Background. Risk factors for noninvasive ventilation (NIV) failure after initial success are not fully clear in patients with acute exacerbation of chronic obstructive pulmonary disease (COPD). Methods. Patients who received NIV beyond 48 h due to acute exacerbation of COPD were enrolled. However, we excluded those whose pH was higher than 7.35 or PaCO2 was less than 45 mmHg which was measured before NIV. Late failure of NIV was defined as patients required intubation or died during NIV after initial success. Results. We enrolled 291 patients in this study. Of them, 48 (16%) patients experienced late NIV failure (45 received intubation and 3 died during NIV). The median time from initiation of NIV to intubation was 4.8 days (IQR: 3.4–8.1). Compared with the data collected at initiation of NIV, the heart rate, respiratory rate, pH, and PaCO2 significantly improved after 1–2 h of NIV both in the NIV success and late failure of NIV groups. Nosocomial pneumonia (odds ratio (OR) = 75, 95% confidence interval (CI): 11–537), heart rate at initiation of NIV (1.04, 1.01–1.06 beat per min), and pH at 1–2 h of NIV (2.06, 1.41–3.00 per decrease of 0.05 from 7.35) were independent risk factors for late failure of NIV. In addition, the Glasgow coma scale (OR = 0.50, 95% CI: 0.34–0.73 per one unit increase) and PaO2/FiO2 (0.992, 0.986–0.998 per one unit increase) were independent protective factors for late failure of NIV. In addition, patients with late failure of NIV had longer ICU stay (median 9.5 vs. 6.6 days) and higher hospital mortality (92% vs. 3%) compared with those with NIV success.
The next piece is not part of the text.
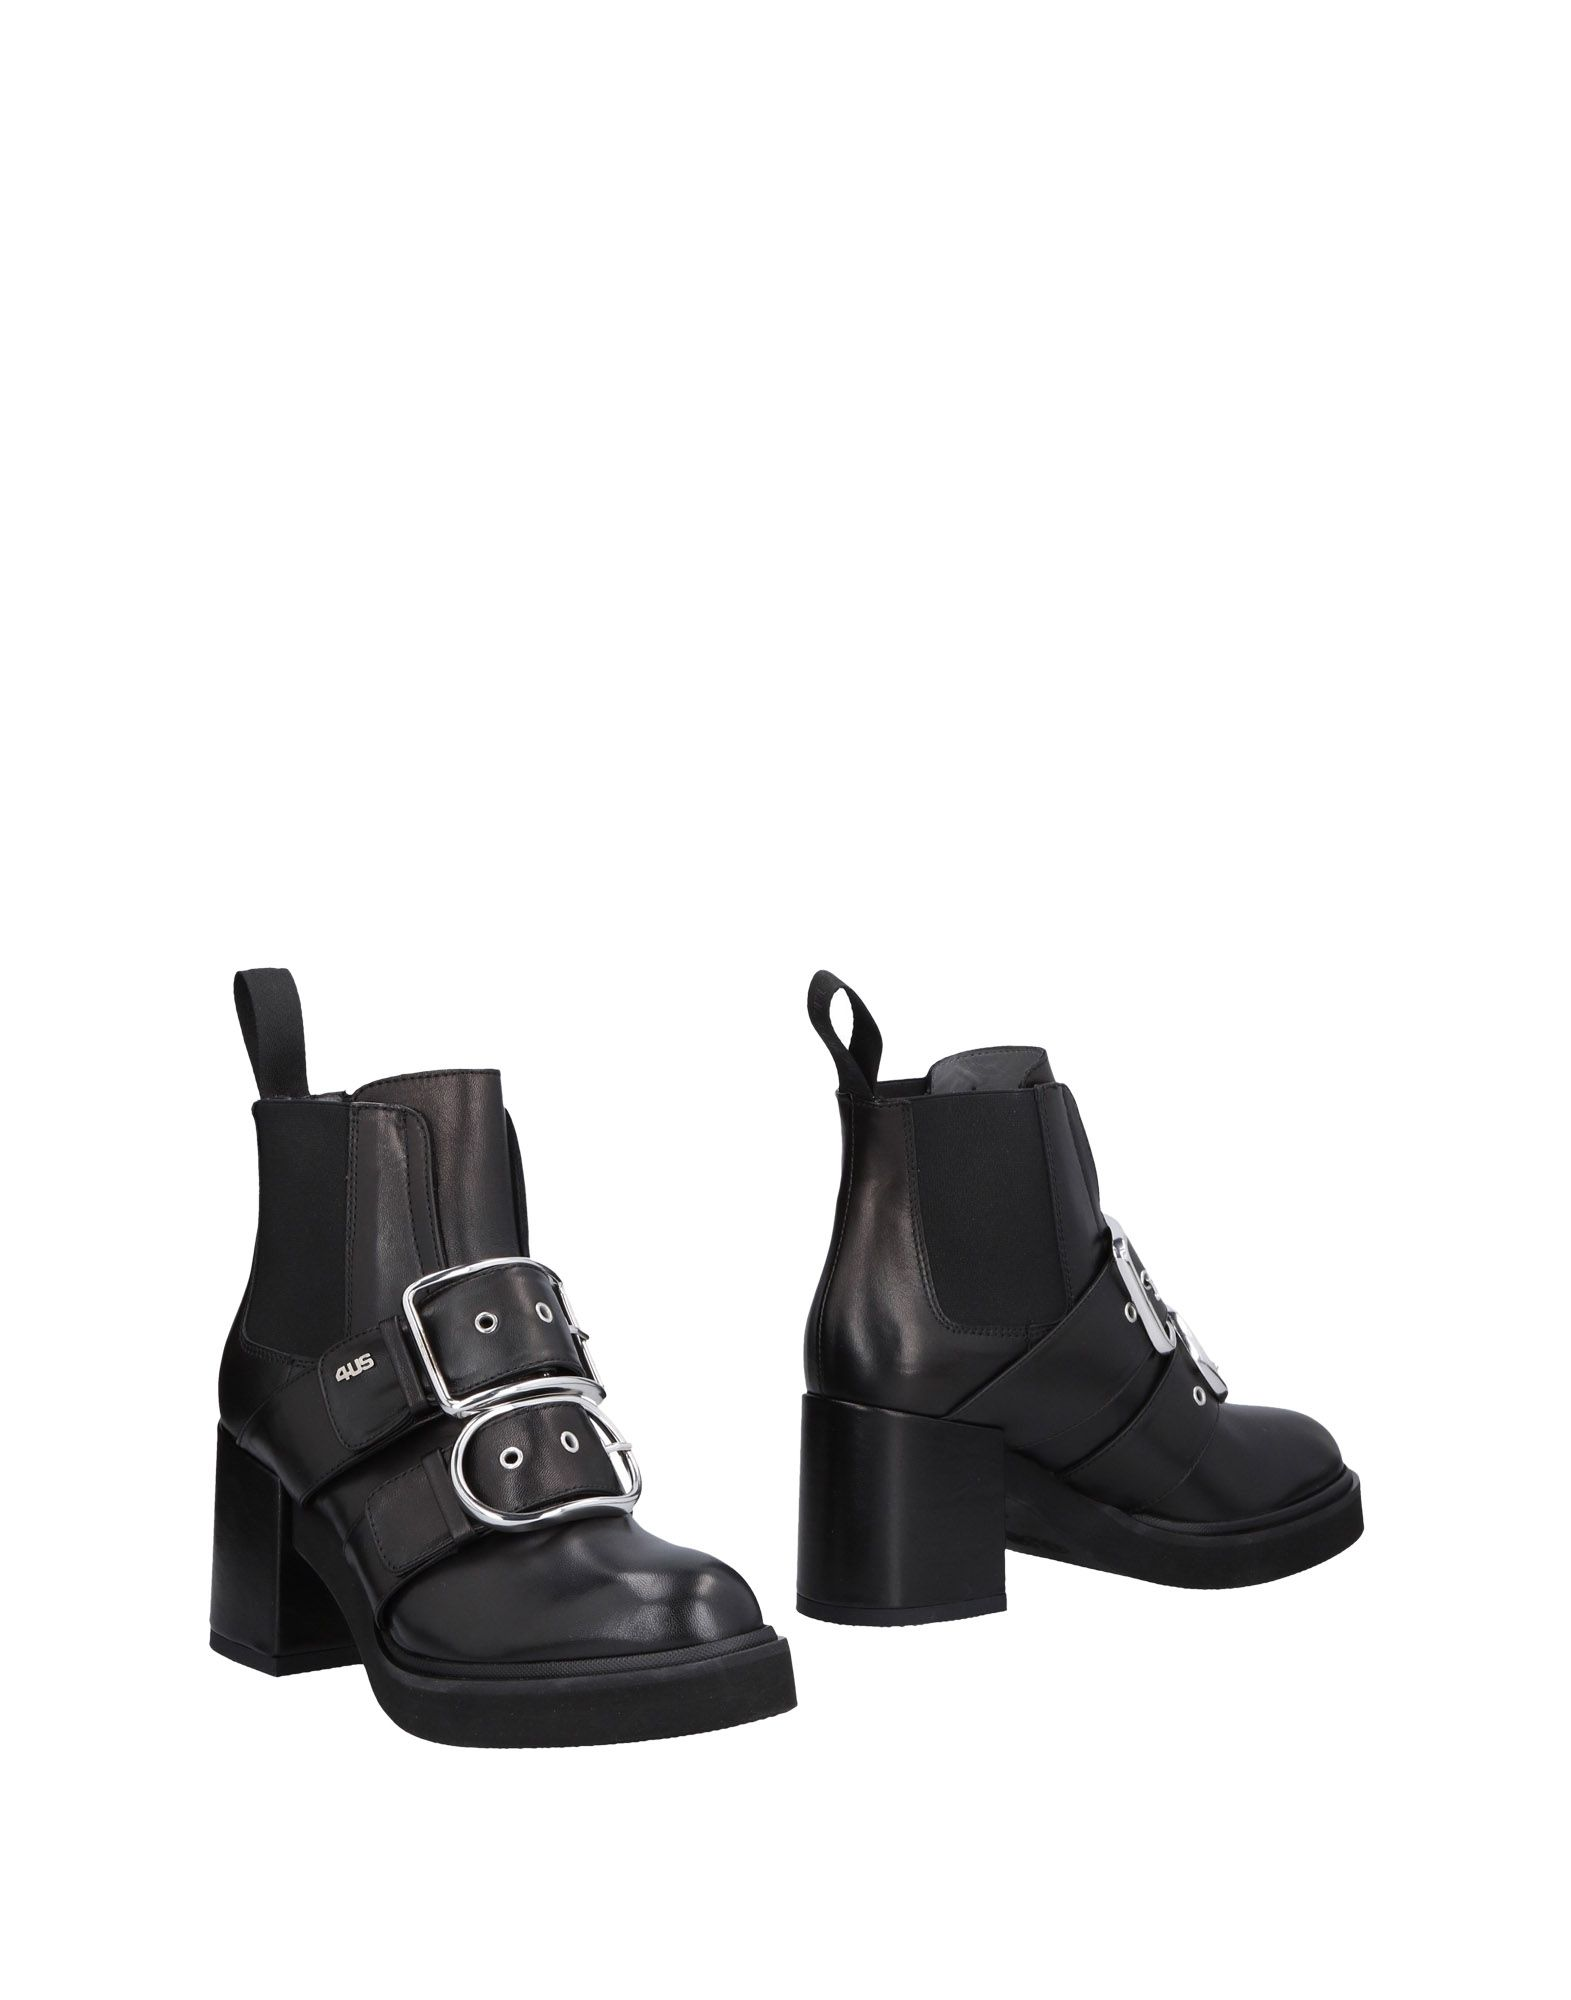 Cesare Damen Paciotti 4Us Chelsea Boots Damen Cesare  11471174IHGut aussehende strapazierfähige Schuhe aba19c
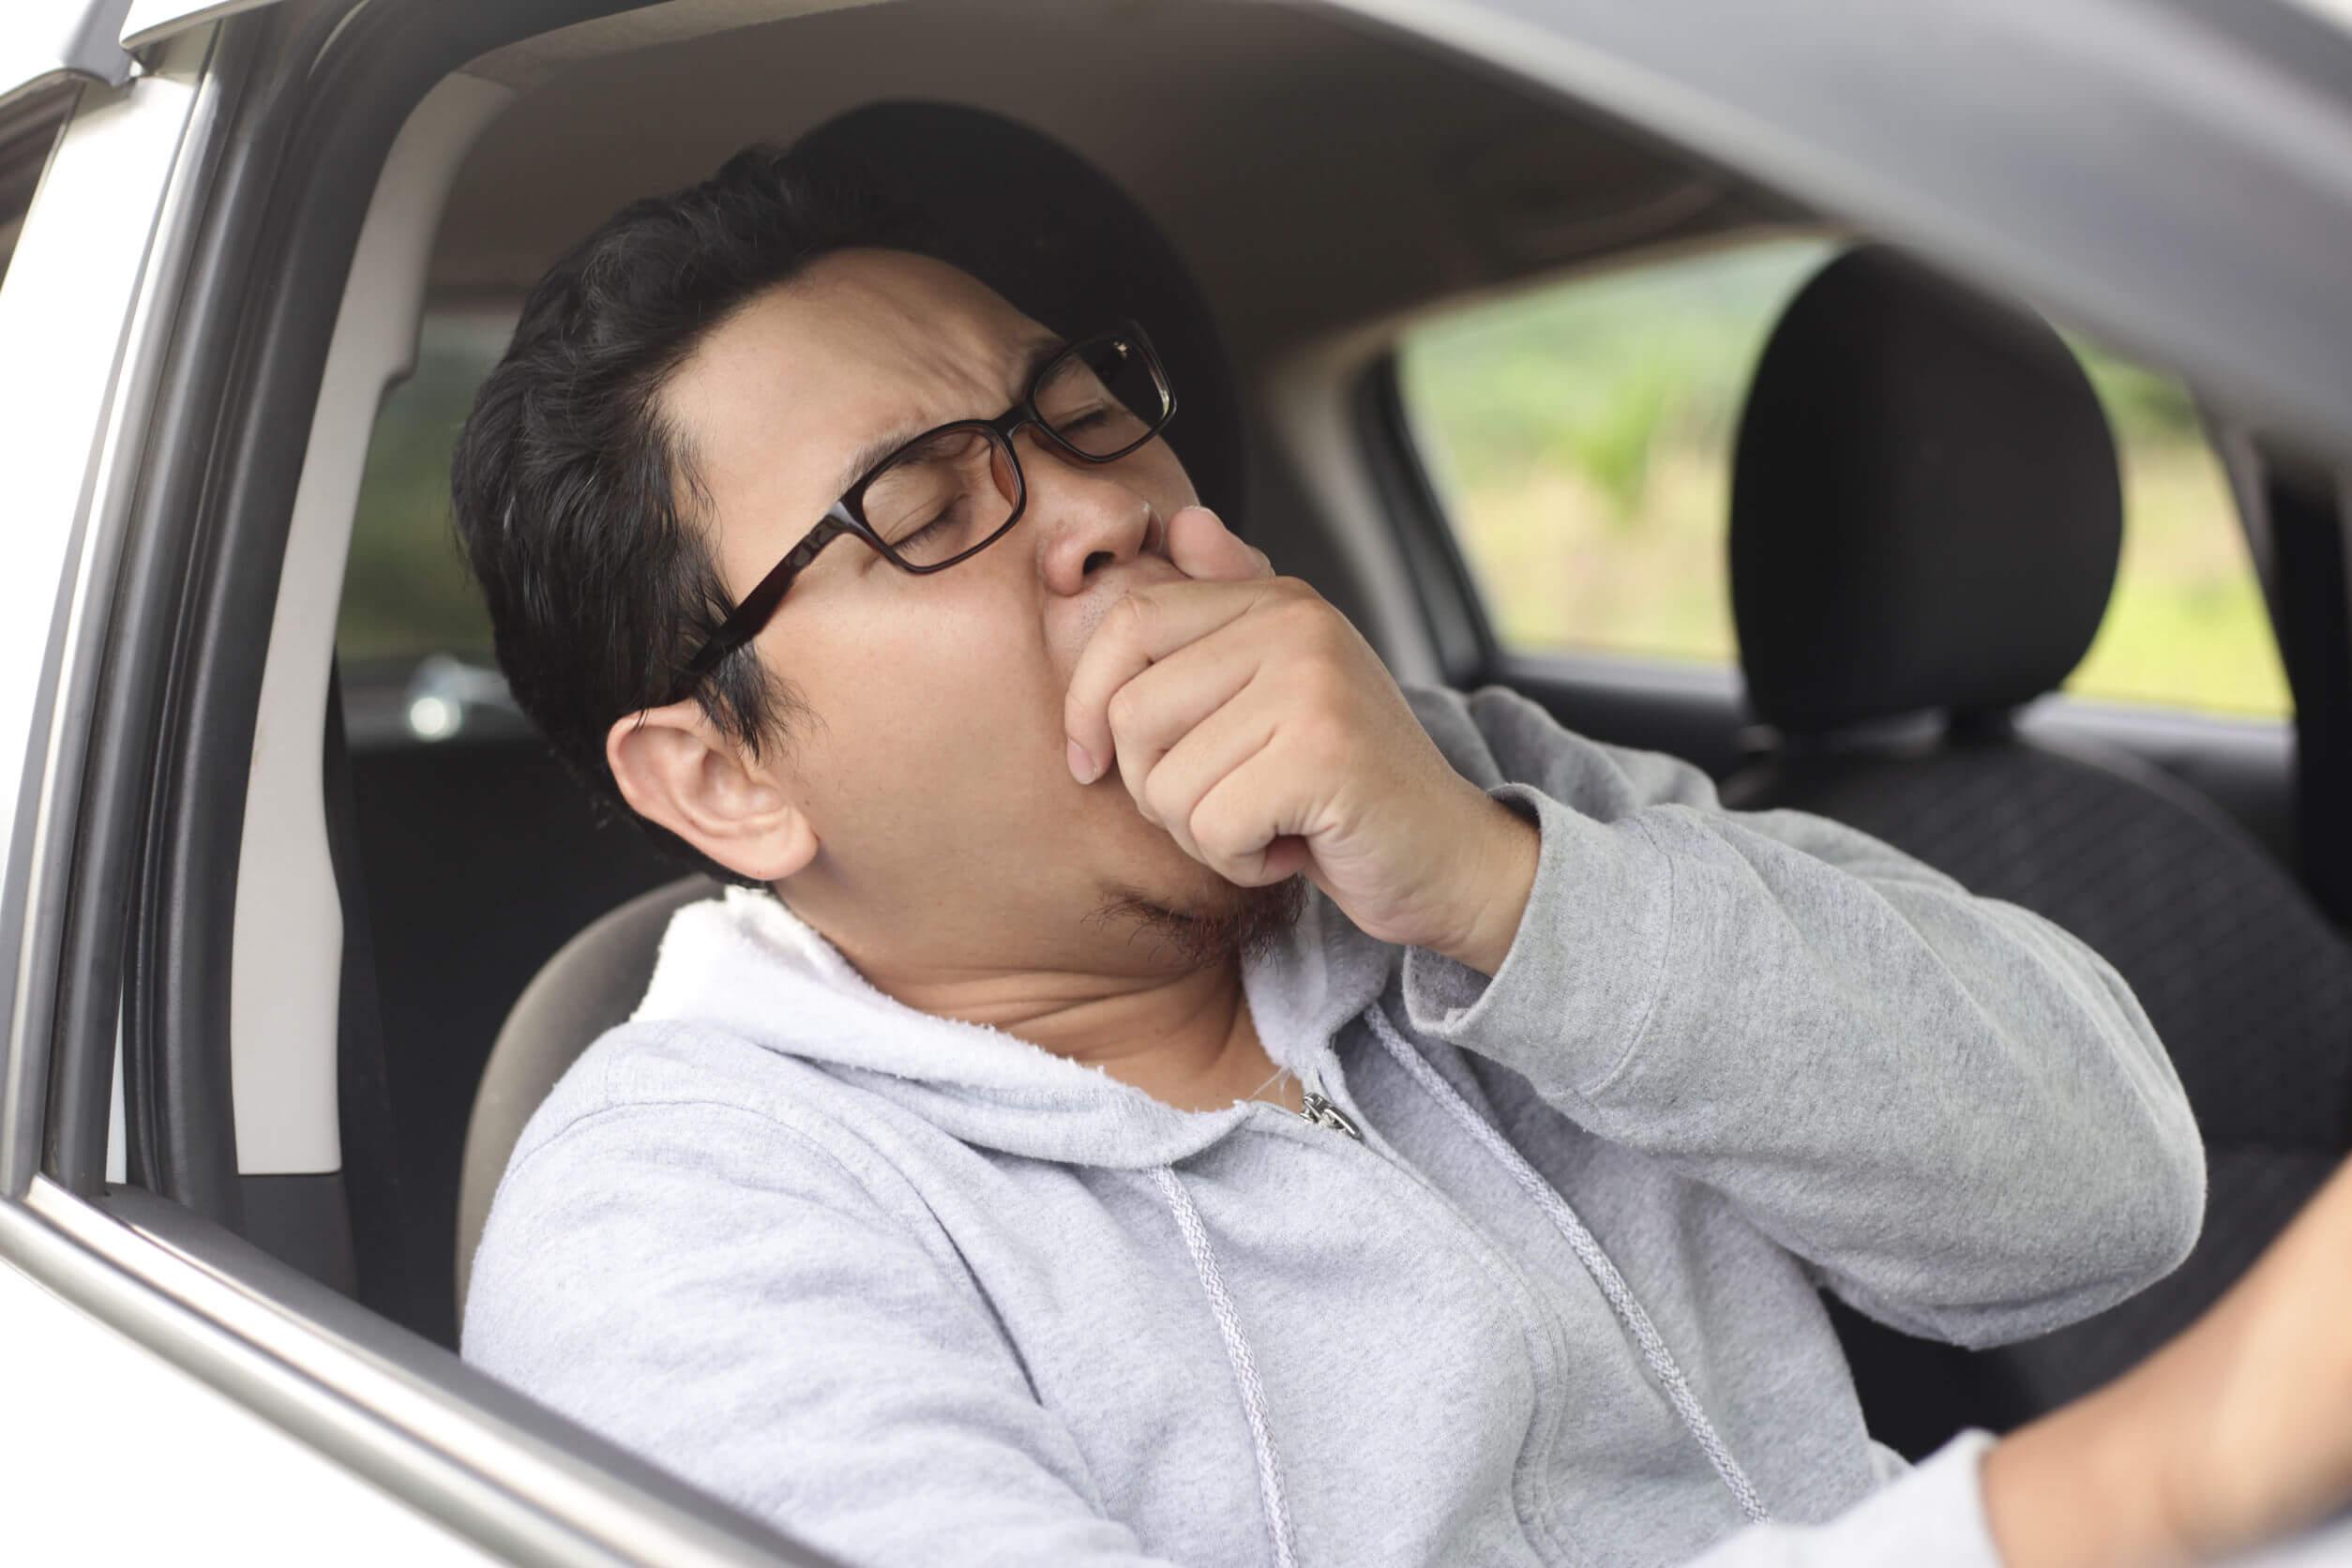 La migraña puede empeorar con ciertos hábitos de sueño.

Conclusions. Nosocomial pneumonia; heart rate at initiation of NIV; and consciousness, acidosis, and oxygenation at 1–2 h of NIV were associated with late failure of NIV in patients with COPD exacerbation. And, late failure of NIV was associated with increased hospital mortality.

中文翻译:

慢性阻塞性肺疾病患者晚期无创通气失败的相关危险因素

背景。在慢性阻塞性肺疾病 (COPD) 急性加重患者中,初始成功后无创通气 (NIV) 失败的危险因素尚不完全清楚。方法。由于 COPD 急性加重而接受 NIV 超过 48 小时的患者被纳入研究。然而,我们排除了那些在 NIV 之前测量的 pH 值高于 7.35 或 PaCO 2低于 45 mmHg 的人。NIV 晚期失败定义为患者在初始成功后需要插管或在 NIV 期间死亡。结果. 我们在这项研究中招募了 291 名患者。其中,48 名 (16%) 患者出现晚期 NIV 失败(45 名接受插管,3 名在 NIV 期间死亡)。从 NIV 开始到插管的中位时间为 4.8 天(IQR:3.4-8.1)。与 NIV 开始时收集的数据相比,NIV 成功和晚期失败组的心率、呼吸频率、pH 值和 PaCO 2在 NIV 1-2 小时后显着改善。医院获得性肺炎(比值比 (OR) = 75,95% 置信区间 (CI):11–537)、NIV 开始时的心率(1.04、1.01–1.06 次/分钟)和 NIV 1–2 小时时的 pH (2.06, 1.41–3.00 每比 7.35 减少 0.05) 是 NIV 晚期失败的独立危险因素。此外,格拉斯哥昏迷量表(OR = 0.50,95% CI:0.34–0.73 每增加一个单位)和 PaO 2/ FiO 2 (0.992, 0.986–0.998 每增加一个单位) 是 NIV 晚期失效的独立保护因素。此外,与 NIV 成功的患者相比,NIV 晚期失败的患者在 ICU 停留时间更长(中位数为 9.5 天对 6.6 天)和更高的住院死亡率(92% 对 3%)。结论。医院获得性肺炎;NIV 开始时的心率;NIV 后 1-2 小时的意识、酸中毒和氧合与 COPD 急性加重患者的 NIV 晚期失败相关。而且,NIV 晚期失败与住院死亡率增加有关。